Luke glanced at Derek. "You got a report ready for Hotch yet? He asked me for one earlier and said you were working on yours."

Derek sighed, long and low, running a hand down his face. "Halfway there. I keep rewriting the profile."

Luke gave a small nod, casual. "You think it's the field work you miss, or just the chase?"

Derek paused, just for a second. Then his smile returned, practiced and mild. "Probably just the adrenaline."

Garcia chimed in without missing a beat. "You? Miss the field? Never.

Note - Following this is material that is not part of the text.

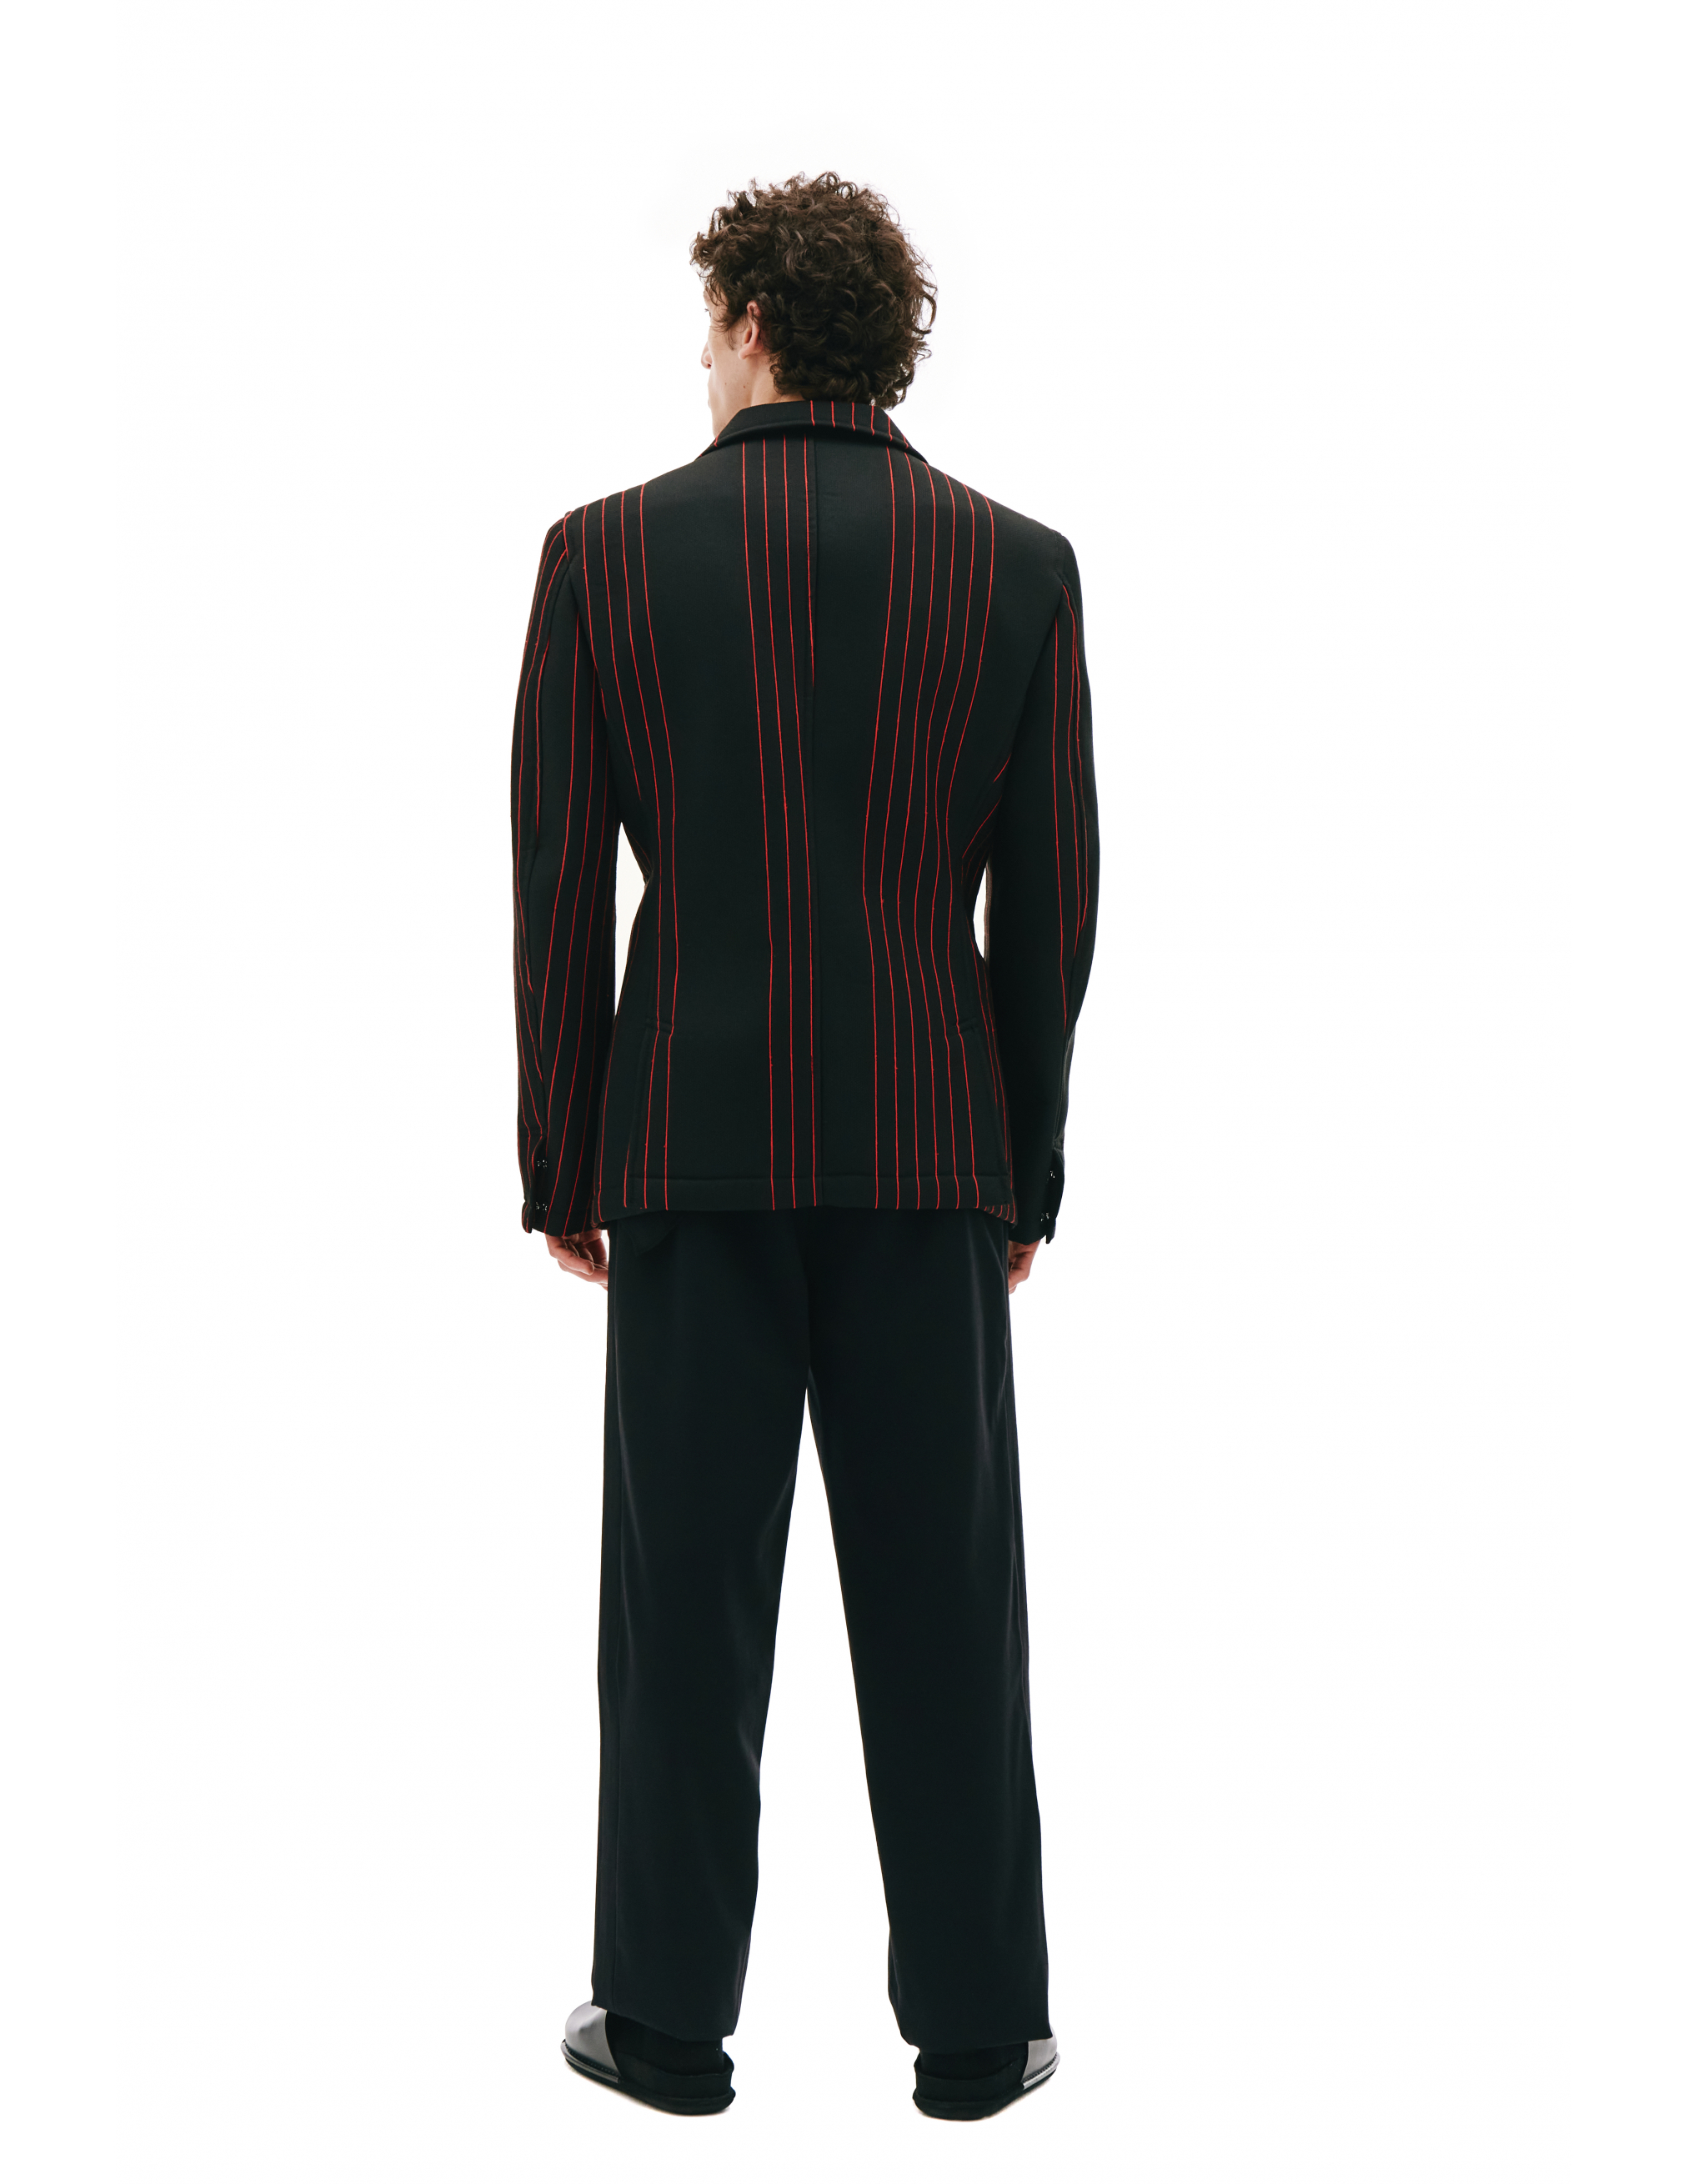 Черный пиджак в красную полоску - Comme des Garcons Homme plus PG-J058-051-1 Фото 3
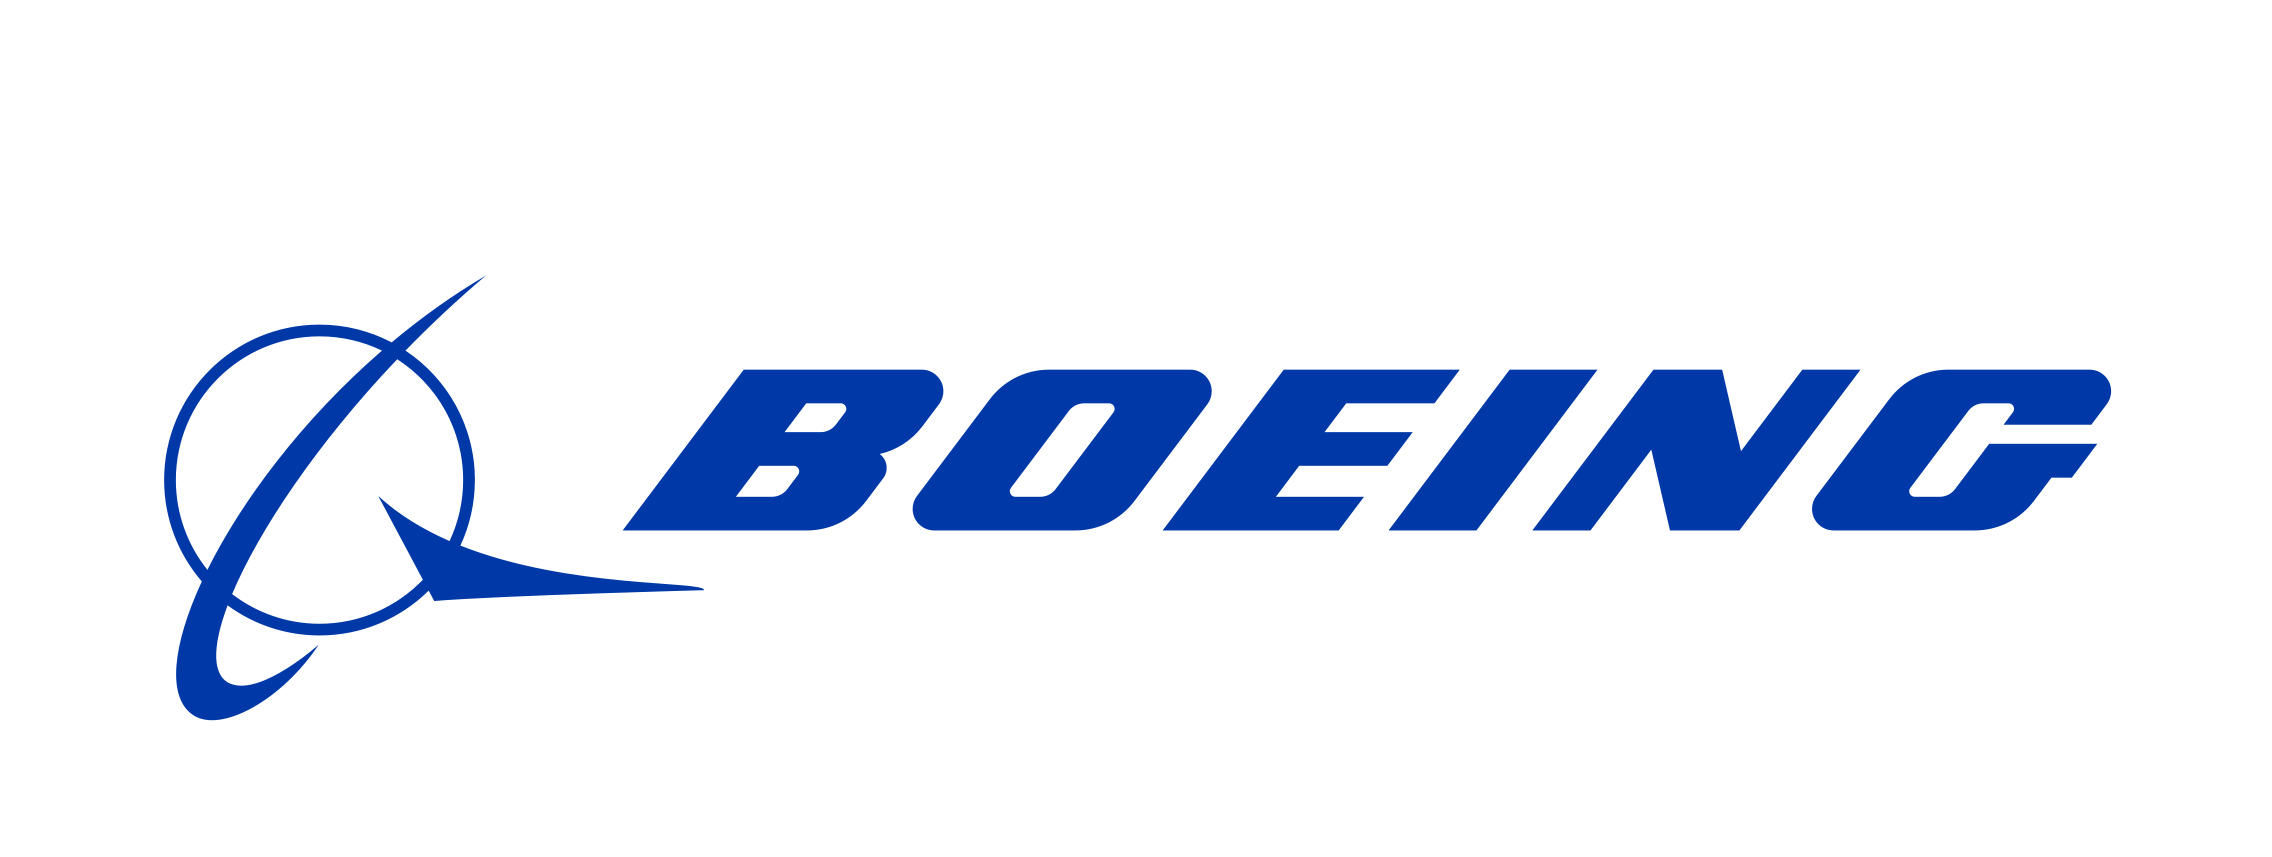 Jeppesen/Boeing

You definitely don't miss getting tackled into bushes in Kansas or chased by a guy with a hatchet in Florida."

"That hatchet guy was your lead," Derek said with a smirk. "I was just backup."

"And look where that got you," she teased.

As the conversation drifted into old war stories and half-jokes about near-misses and tactical missteps, Luke leaned back in his chair, sipping his soda and listening more than talking. He watched the way Derek sat with them—present, contributing, laughing even—but never fully relaxed. Like a man pressing on an old bruise to make sure it still hurt.

Luke didn't let it show.

He just sat there, part of the scene now, and quietly wondered if Derek Hotchner ever looked at old case photos the way some people looked at vacation albums.

And whether, deep down, Derek missed the blood and dust of the field more than he let on.